Is Complexity an Illusion?

2404.07227

Published 4/30/2024 by Michael Timothy Bennett

❗

Abstract

Simplicity is held by many to be the key to general intelligence. Simpler models tend to generalise, identifying the cause or generator of data with greater sample efficiency. The implications of the correlation between simplicity and generalisation extend far beyond computer science, addressing questions of physics and even biology. Yet simplicity is a property of form, while generalisation is of function. In interactive settings, any correlation between the two depends on interpretation. In theory there could be no correlation and yet in practice, there is. Previous theoretical work showed generalisation to be a consequence of weak constraints on implied by function, not form. Experiments demonstrated choosing weak constraints over simple forms yielded a 110-500% improvement in generalisation rate. Here we show that all constraints can take equally simple forms, regardless of weakness. However if forms are spatially extended, then function is represented using a finite subset of forms. If function is represented using a finite subset of forms, then we can force a correlation between simplicity and generalisation by making weak constraints take simple forms. If function determined by a goal directed process (e.g. natural selection), then efficiency demands weak constraints take simple forms. Complexity has no causal influence on generalisation, but appears to due to confounding.

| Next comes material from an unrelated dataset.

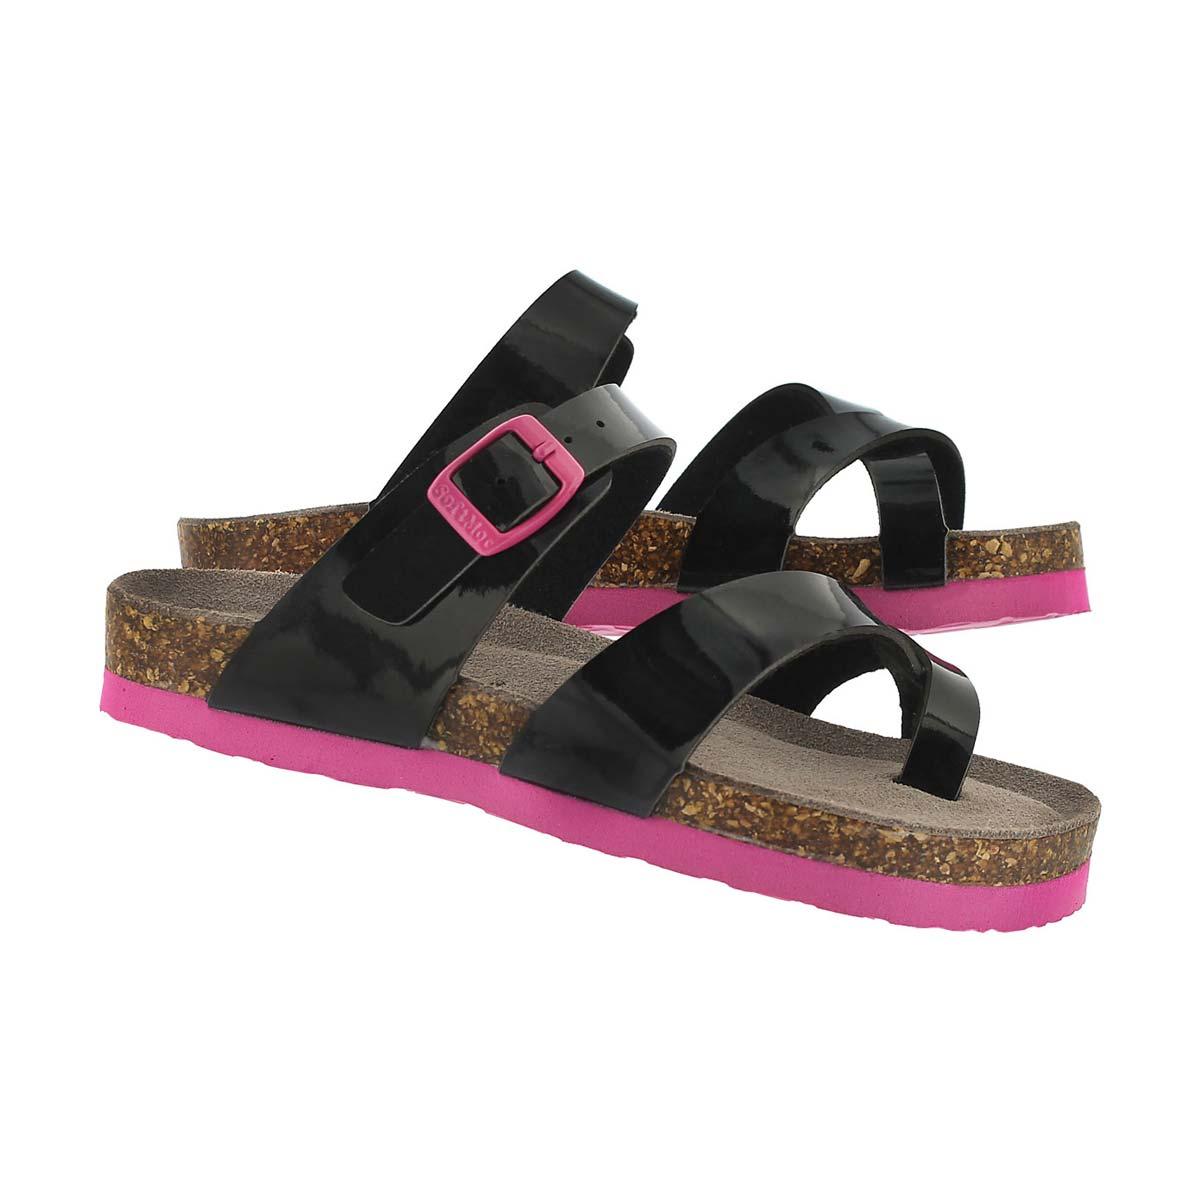 Sandale Alicia, cuir verni noir, filles

Get summaries of the top AI research delivered straight to your inbox:

Overview

This paper explores the notion of complexity and whether it is a genuine property of systems or simply an illusion created by our limited perspective.
The authors investigate key questions about the nature of complexity and its underlying mechanisms.
They present a critical analysis of the existing research on complexity and offer insights into the potential limitations of our current understanding.

Plain English Explanation

The paper examines the idea of complexity and whether it is a real characteristic of systems or just an illusion caused by our restricted viewpoint. The authors look at important questions about the nature of complexity and how it works at a fundamental level. They provide a thoughtful evaluation of the current research on complexity and point out potential issues with how we currently conceive of it.

Technical Explanation

The paper investigates the concept of complexity and whether it is a genuine property of systems or merely an artifact of our limited perspective. The authors explore key questions about the nature of complexity, such as what it is supposed to indicate and how it arises in different contexts.

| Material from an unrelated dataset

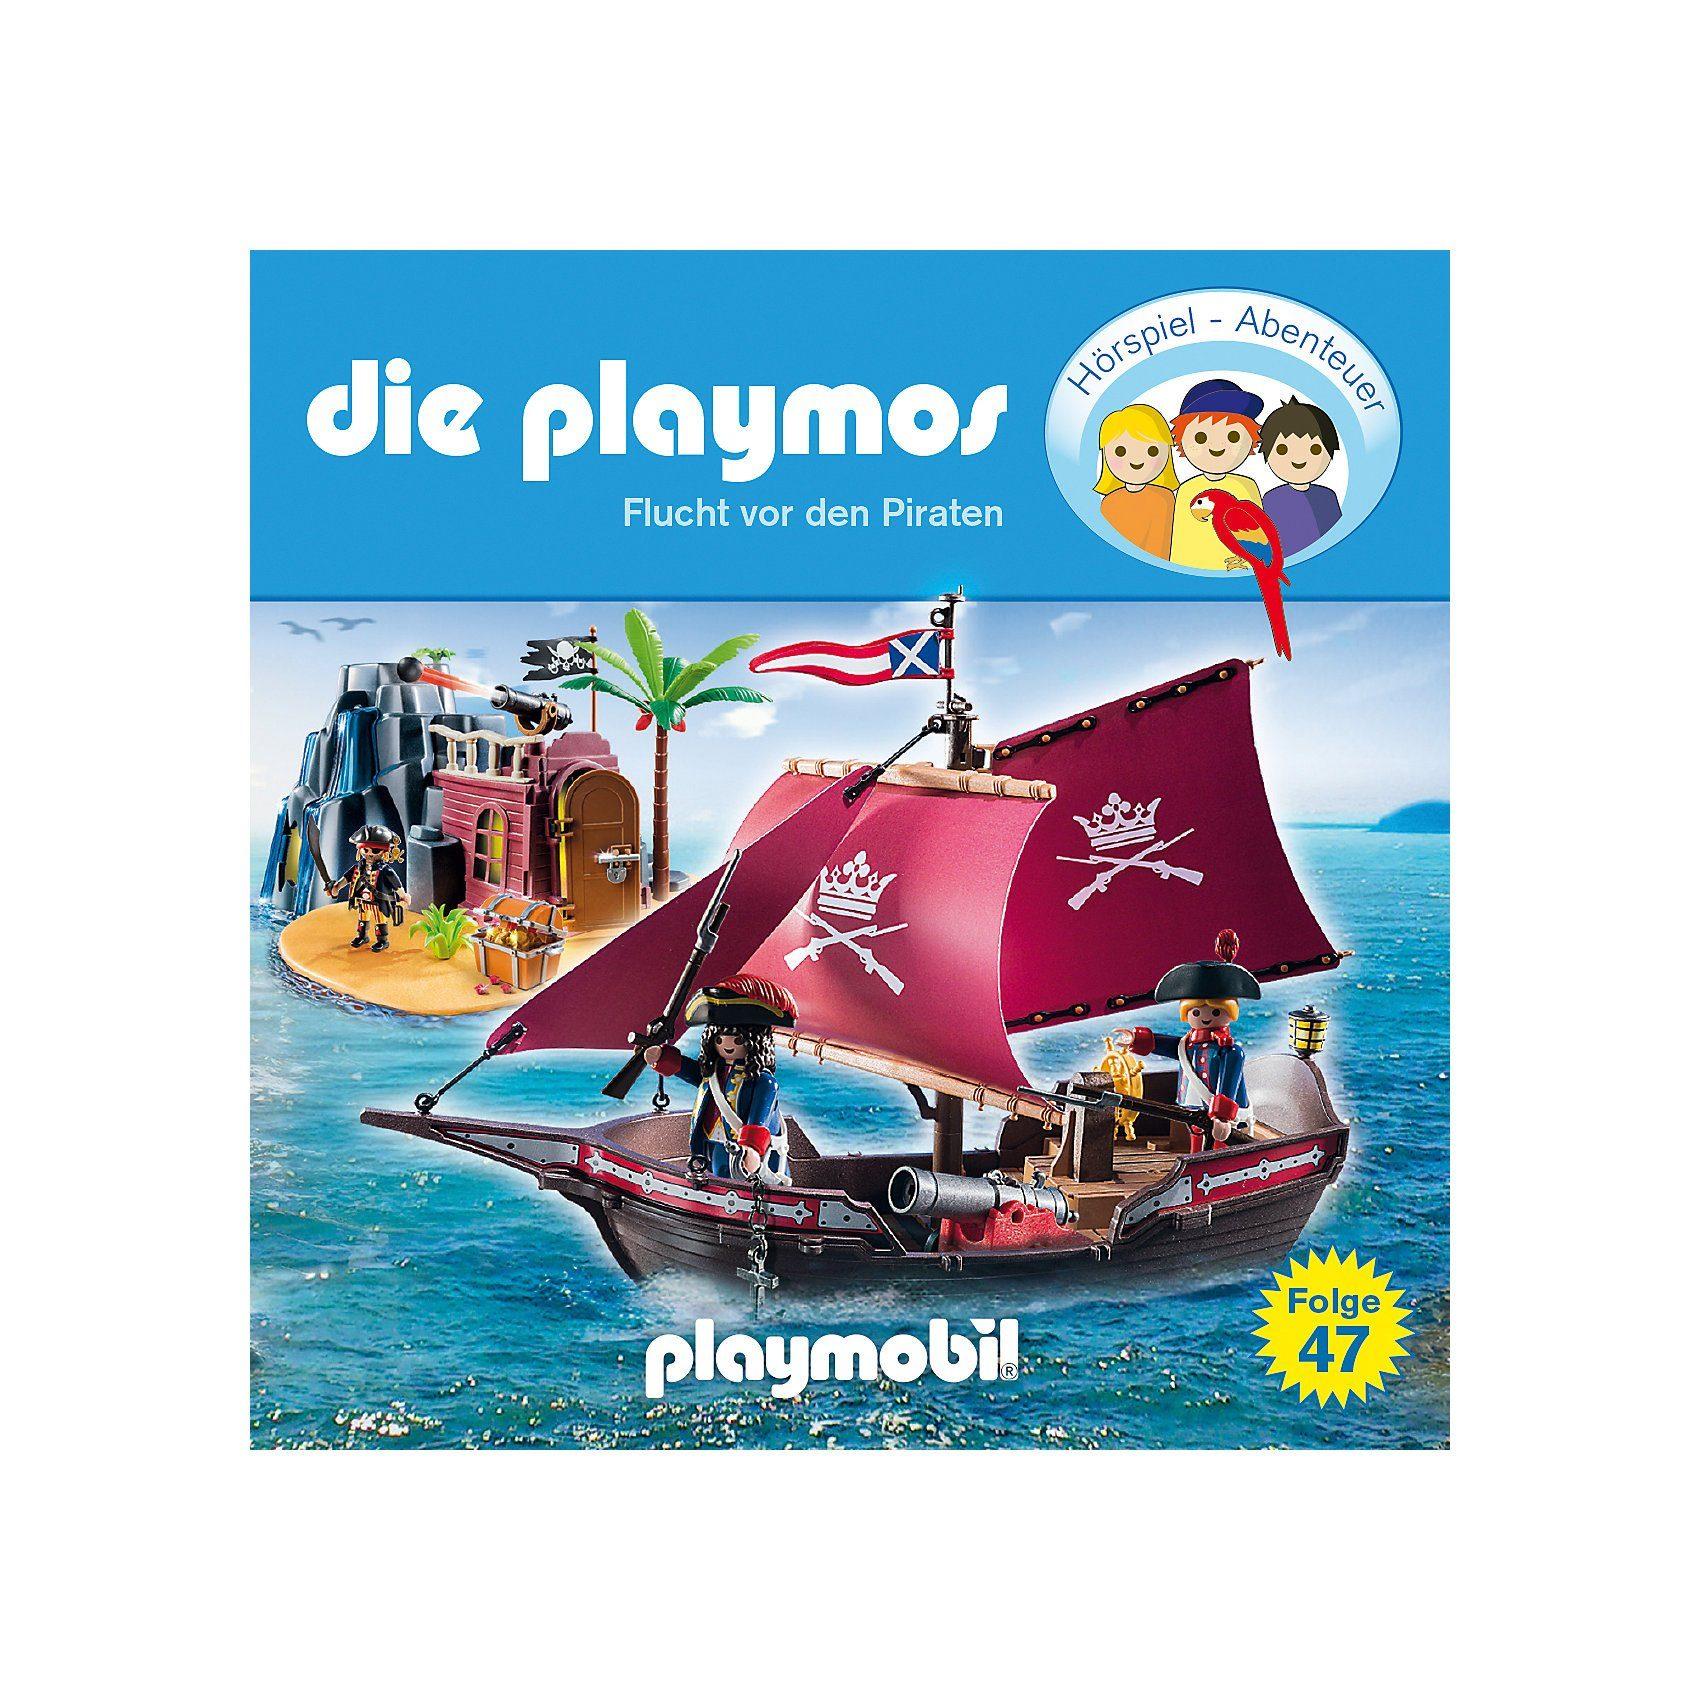 Edel CD Playmos 47

The paper critically analyzes the existing research on complexity, drawing on insights from related studies to assess the strengths and limitations of current approaches. The authors also consider how our understanding of causality and the nature of language models might inform our conception of complexity.

Critical Analysis

The paper acknowledges the potential computational dualism inherent in how we define and measure complexity, and suggests that our current frameworks may be insufficient to fully capture the underlying mechanisms. The authors raise important questions about the limitations of our existing models and call for a more nuanced and interdisciplinary approach to understanding complexity.

Conclusion

This paper presents a thought-provoking examination of the nature of complexity, challenging the assumption that it is a straightforward and easily quantifiable property of systems. The authors argue that our understanding of complexity may be shaped by the constraints of our own perspective, and they encourage further research to explore the deeper, more fundamental aspects of this phenomenon.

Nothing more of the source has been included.